──────── RECORDED INFORMATION

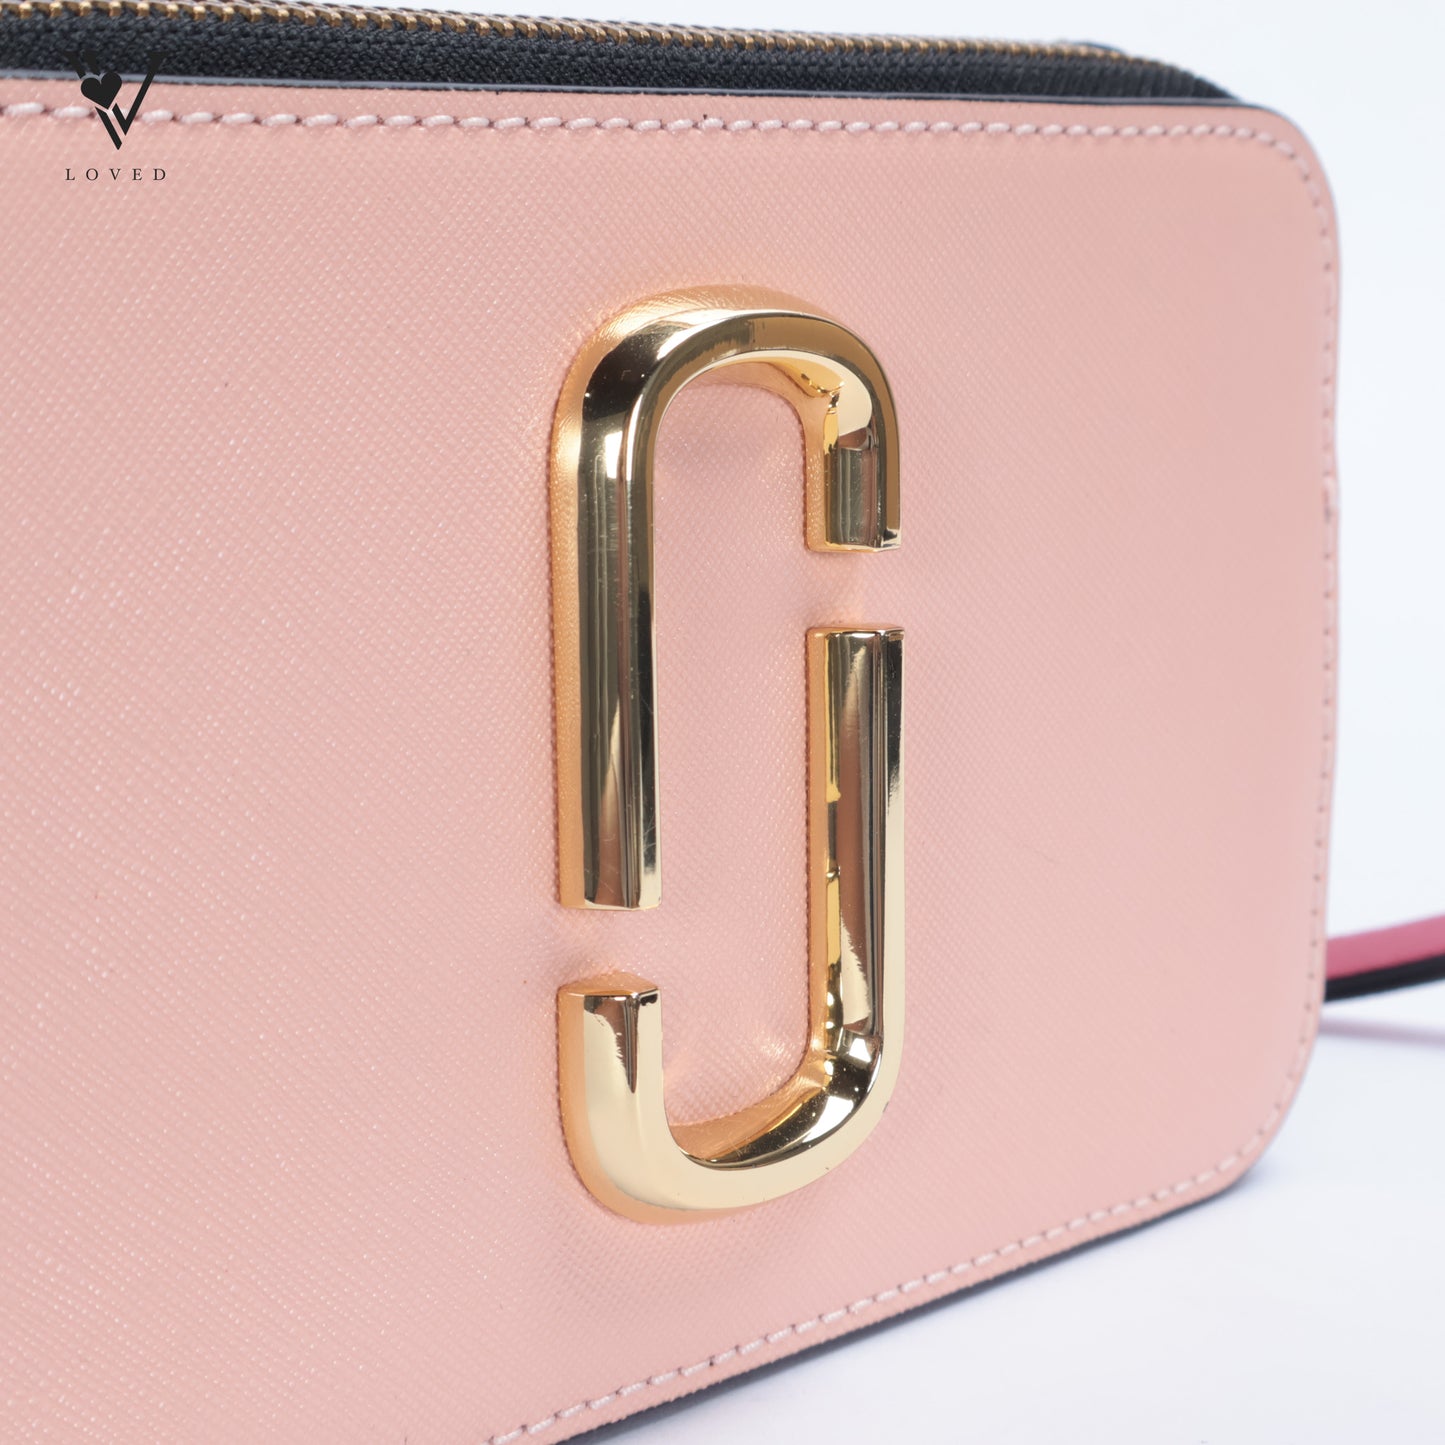 Snapshot Bag in Pink
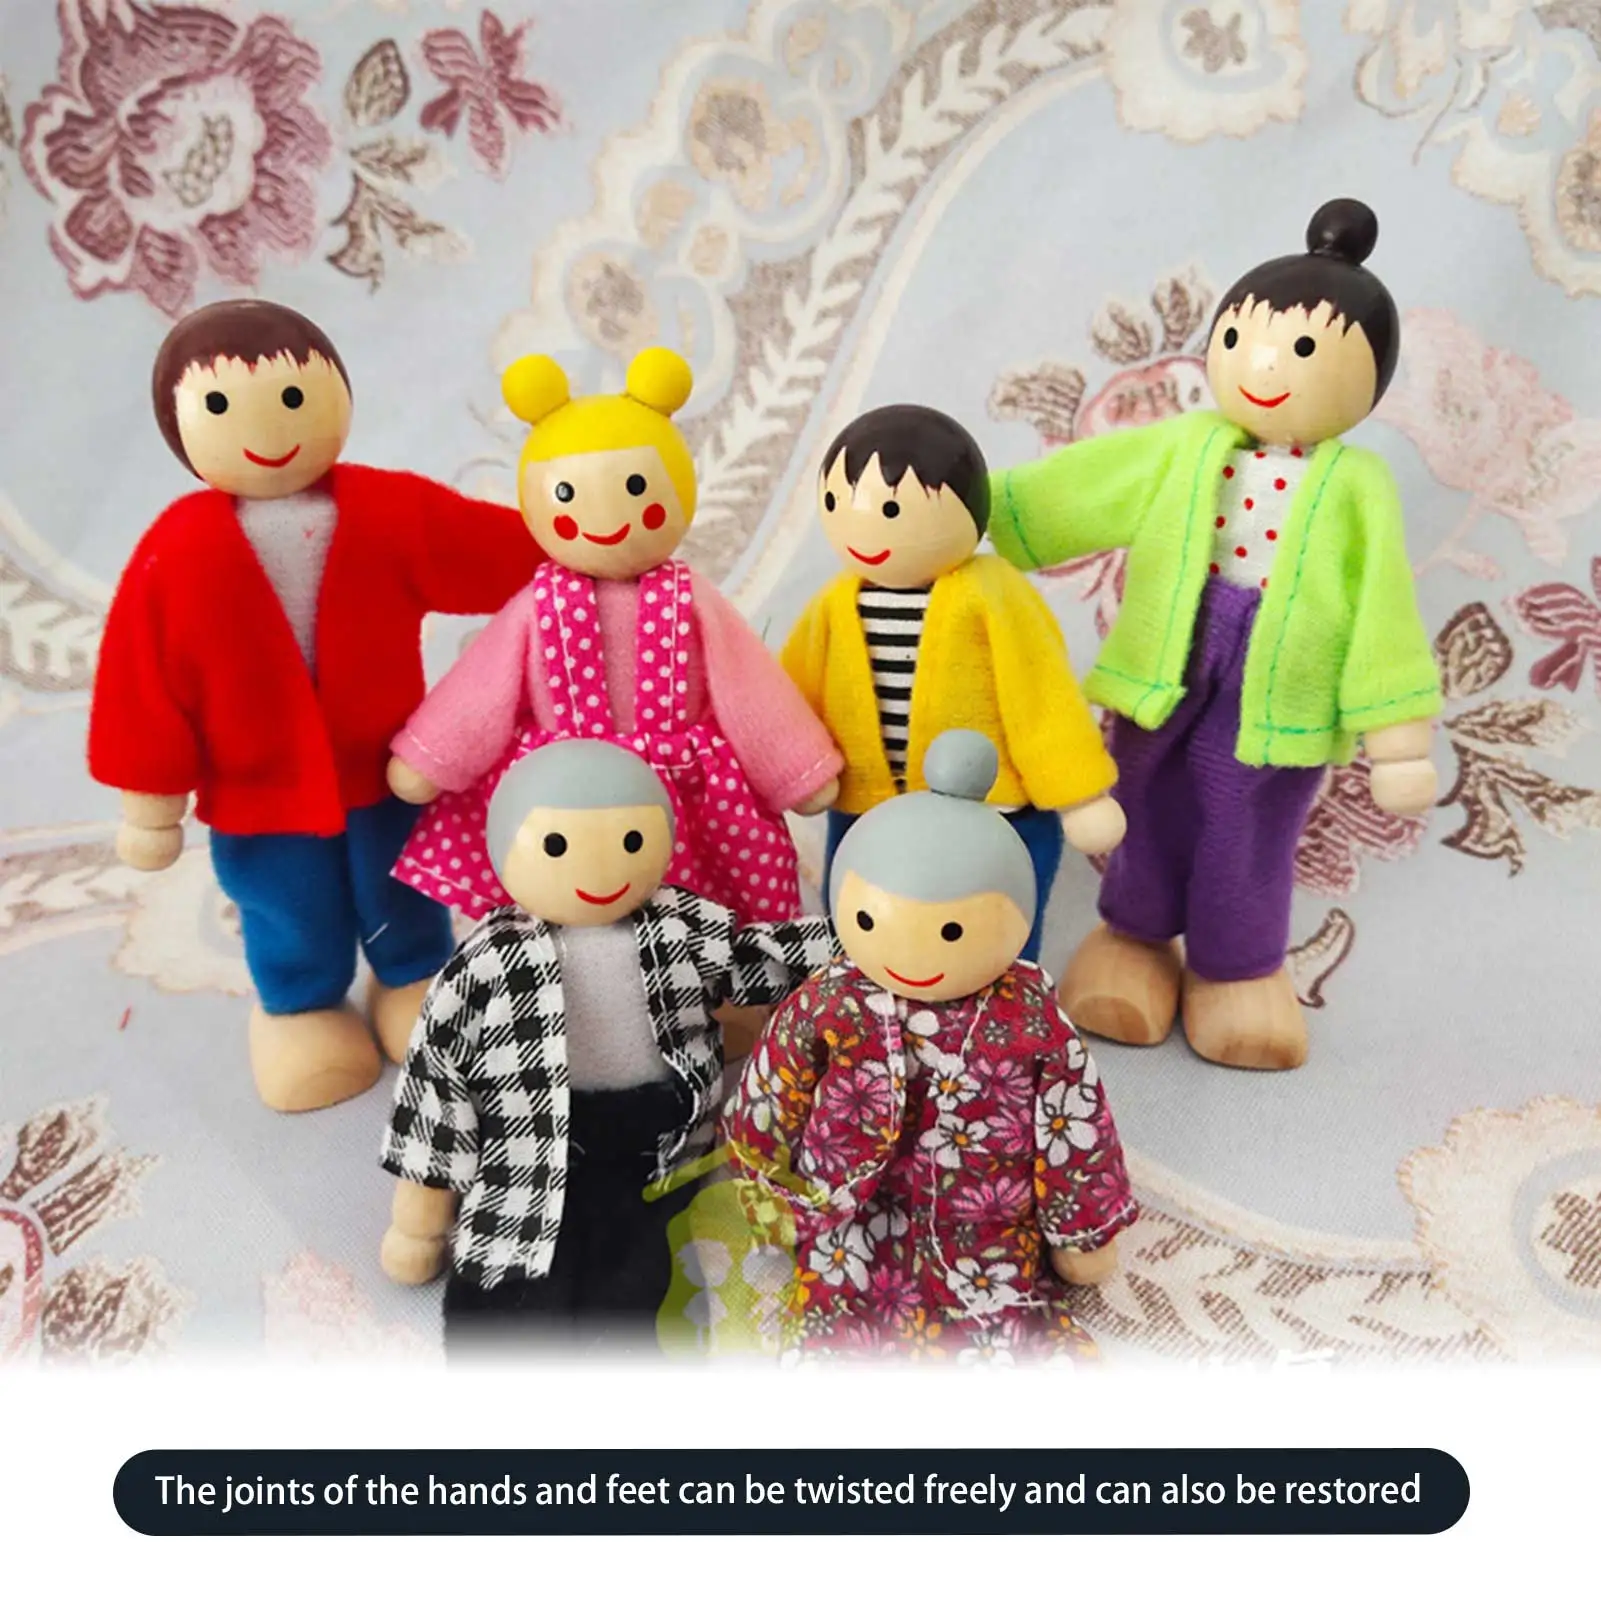 

Похожая на настоящую 6 шт. марионетка куклы для всей семьи, из мягкой ткани для девочек и мальчиков детские игрушки куклы как живой принцессы...
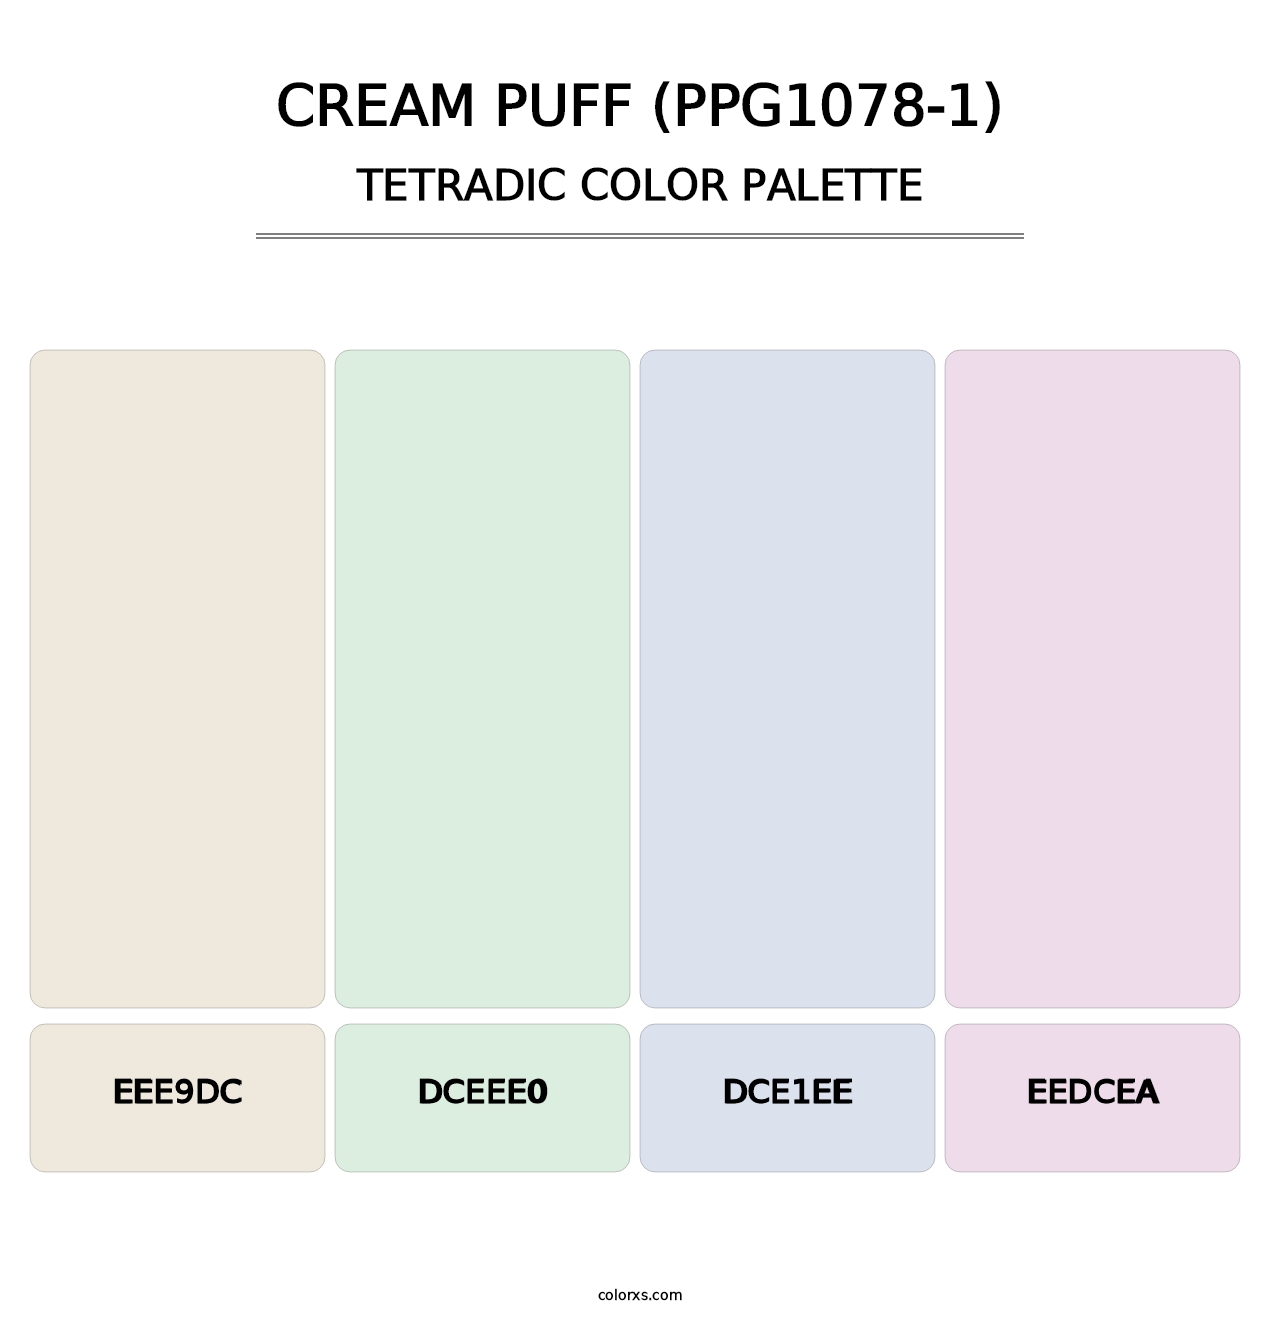 Cream Puff (PPG1078-1) - Tetradic Color Palette

────────────────

## [TASK INSTRUCTIONS]
From the material above, reproduce everything verbatim except the pictures.

## [TASK RESPONSE]
 Snapshot Bag in Pink

Похожая на настоящую 6 шт. марионетка куклы для всей семьи, из мягкой ткани для девочек и мальчиков детские игрушки куклы как живой принцессы...
 Cream Puff (PPG1078-1) - Tetradic Color Palette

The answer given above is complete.